Grundsätzlich müssen „bei der Auswahl der geeigneten Lösung das Thema Datensicherheit und der Schutz der Privatsphäre eine übergeordnete Rolle spielen“, rät Günter Junk von Virtual Solution. Er verweist dabei beispielsweise auf Anwendungen wie Whatsapp, die im privaten Bereich sehr beliebt und verbreitet sind, sich für die dienstliche Nutzung mit Blick auf die Datenschutz-Grundverordnung allerdings nicht eignen. „Deswegen sollten Tools, bevor sie zum Einsatz kommen, genau auf die Sicherheitsmechanismen wie Verschlüsselung oder die strikte Trennung zwischen privatem und geschäftlichem Bereich untersucht werden“, gibt Junk zu bedenken. Auch Arne Günther rät, „bei Lösungen aus der Cloud und über das Internet sollte auf eine Ende-zu-Ende-Verschlüsselung geachtet werden und darauf, wo die eigenen Daten letztendlich gespeichert sind“.

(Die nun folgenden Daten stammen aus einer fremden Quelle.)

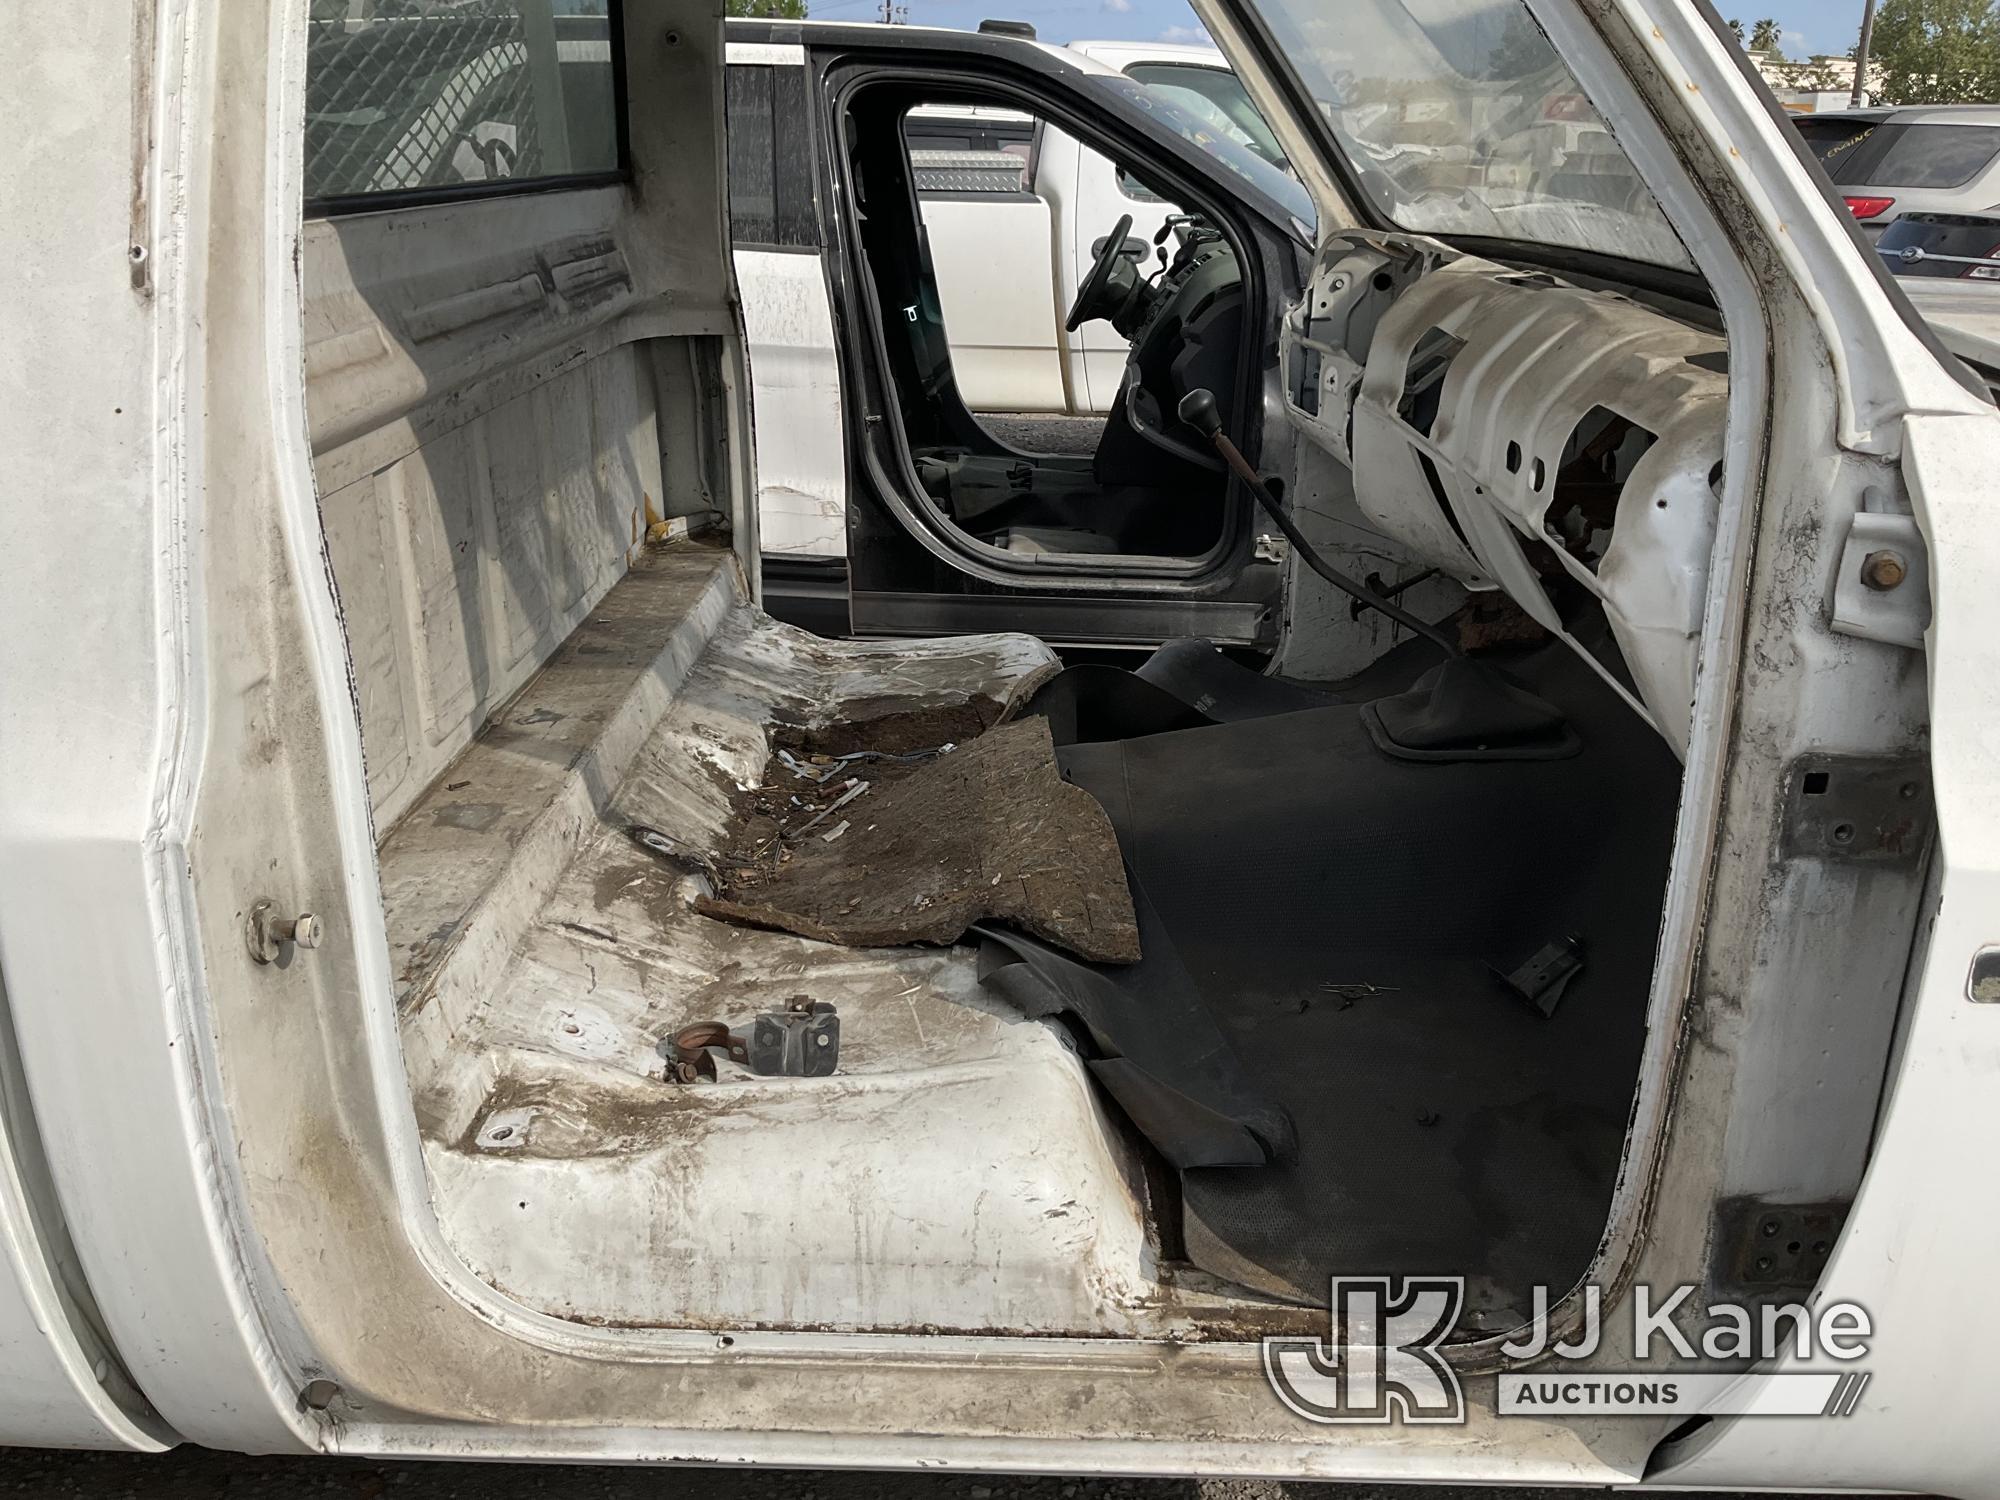 (Jurupa Valley, CA) 1987 Chevrolet R20 Regular Cab Pickup 2-DR Not Running, Interior Stripped Of Par

Fest steht, dass sprachliche Kommunikation auch zukünftig in vielen Bereichen ihren hohen Stellenwert beibehalten wird, auch, wenn zunehmend neue Anwendungen für die schriftliche Form entwickelt und getestet werden. Daher sollte „jedes Unternehmen individuell ermitteln, wo schriftliche und persönliche bzw. telefonische Kommunikation für seine speziellen Bedarfe ihre nutzbringenden Stärken hat und die ‚Best practice‘ entsprechend in eine Handlungsempfehlung und ein Regelwerk für die Teams umsetzen“, rät Rudi Stahl. Dabei gilt es abhängig von der Branche zu bedenken, dass es sich meist nur um eine Momentaufnahme handelt, die sich aufgrund neuer Gewohnheiten und Entwicklungen schnell verändern kann. „Was gestern noch verpönt war, ist heute mehrheitlich akzeptiert“, konkretisiert Stahl. Eine regelmäßige Überprüfung der im Einsatz befindlichen und vielleicht auch erlaubten bzw. verbotenen Tools sei daher unerlässlich.